Alvarado v. Otto Martin Maschinebau Gmbh & Co.

—In an action to recover damages for personal injuries, the defendant Otto Martin Maschinebau Gmbh & Co., appeals from an order of the Supreme Court, *346Kings County (Golden, J.), dated June 26, 1995, which denied its motion for summary judgment dismissing the complaint insofar as asserted against it.

Ordered that the order is reversed, on the law, with costs, the motion by the defendant Otto Martin Maschinebau Gmbh & Co. is granted, and the complaint is dismissed insofar as asserted against it.

The plaintiff was allegedly injured while operating a power table saw manufactured by the defendant Otto Martin Maschinebau Gmbh & Co. (hereinafter Martin).
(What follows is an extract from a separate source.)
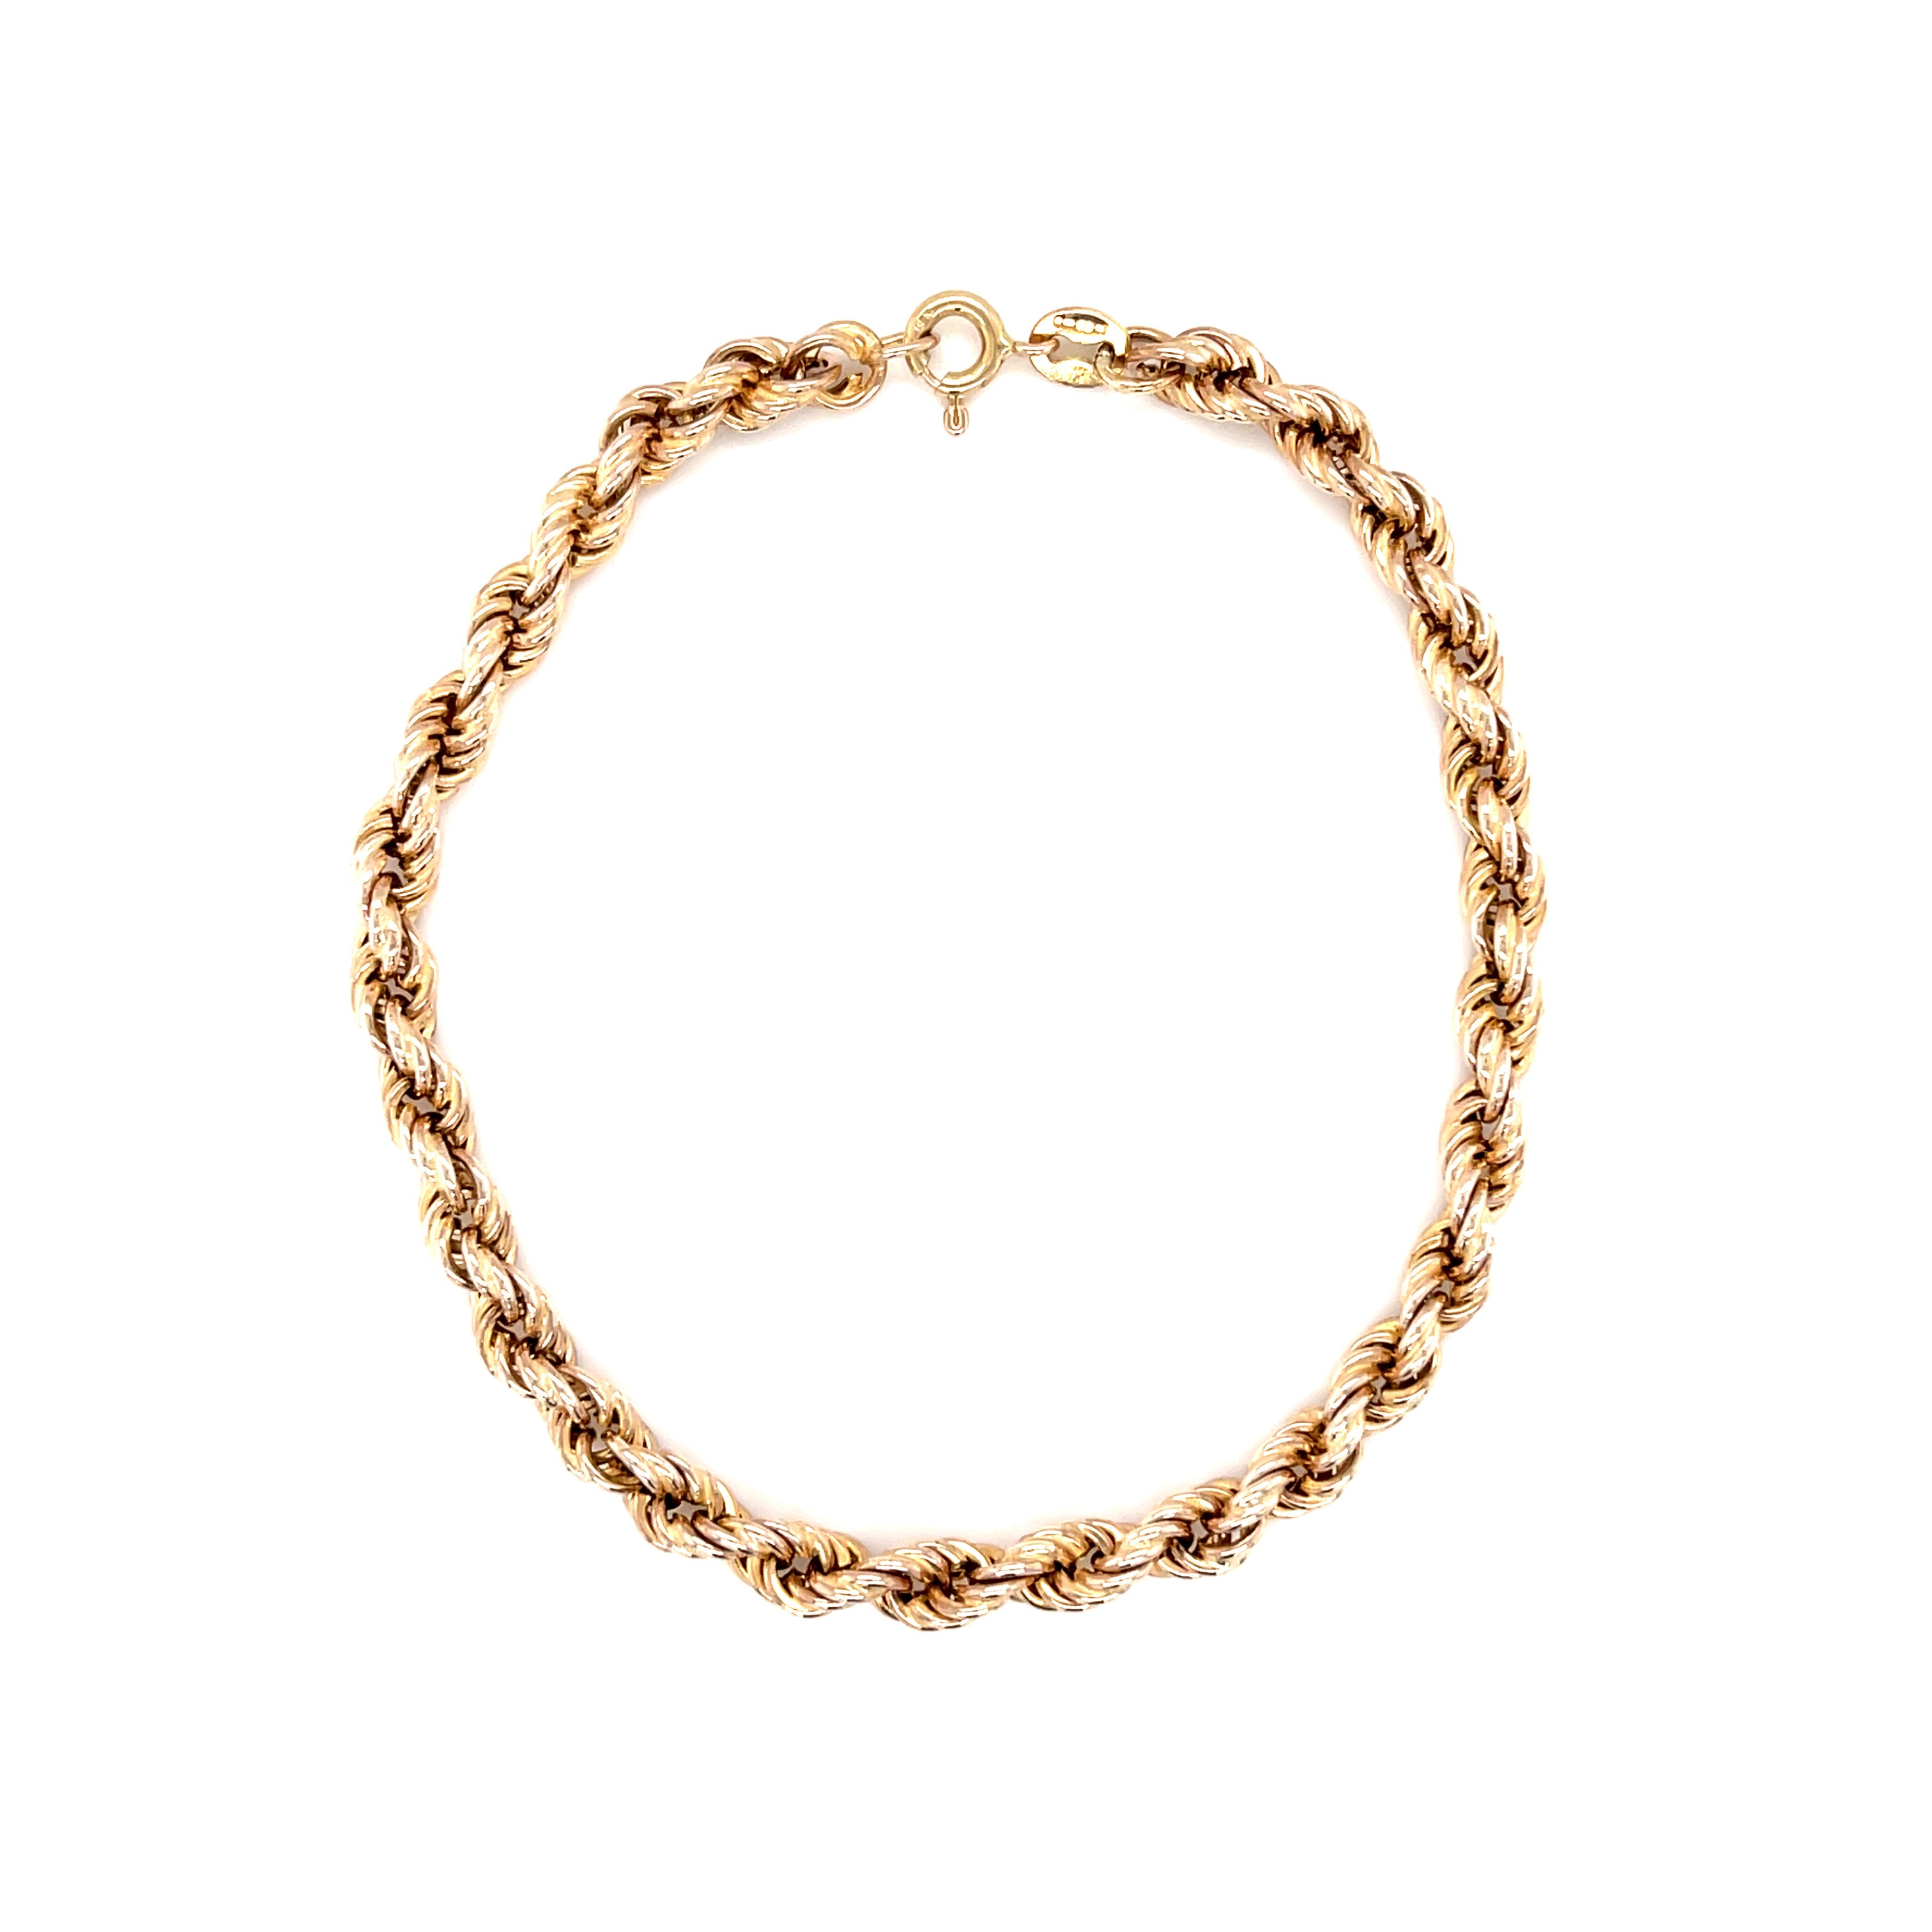 9ct Yellow Gold 7.5" Hollow Rope Bracelet - 5.55g SOLD

The plaintiff testified at an examination before trial that he was feeding a piece of plywood into the saw when the wood "kicked back” and struck him in the chest, causing him to lose consciousness and fall onto the blade. The plaintiff sustained injuries to his right hand. When the saw was shipped to the plaintiff’s employer, it was equipped with a parallelogram saw guard and a splitting wedge to which an antikickback finger was fastened. These devices were not present on the saw when the accident occurred.

The Supreme Court denied Martin’s motion for summary judgment, concluding that issues of fact existed with respect to the plaintiff’s assertions that (1) the saw was defectively designed, and (2) the saw was manufactured with attached but removable safety devices. We reverse.

We have recently observed that "[a] manufacturer may not be cast in damages, either on a strict products liability or negligence cause of action, where, after the product leaves the possession and control of the manufacturer, there is a subsequent modification which 'substantially alters the product and is the proximate cause of the plaintiff’s injuries’ ” (Wyda v Makita Elec. Works, 232 AD2d 407, citing Robinson v Reed-Prentice Div., 49 NY2d 471).

Martin’s moving papers demonstrated that the saw in question was shipped with the requisite safety devices, but that these devices had been removed by the time the plaintiff’s accident occurred (see, Robinson v Reed-Prentice Div., supra). The plaintiff’s opposing papers failed to create triable issues of fact with respect to the claim that the absent safety devices had been designed to be removed and the saw itself was designed to be operable without those devices in place (see, Wyda v Makita Elec. Works, supra; cf., Lopez v Precision Papers, 67 NY2d 871, 873). The affidavit submitted by the plaintiff’s expert offered no opinion with respect to the allegation that the saw’s safety devices were designed to be removed.

We have reviewed the plaintiff’s remaining contentions and *347find them to be without merit. Rosenblatt, J. P., Thompson and McGinity, JJ., concur.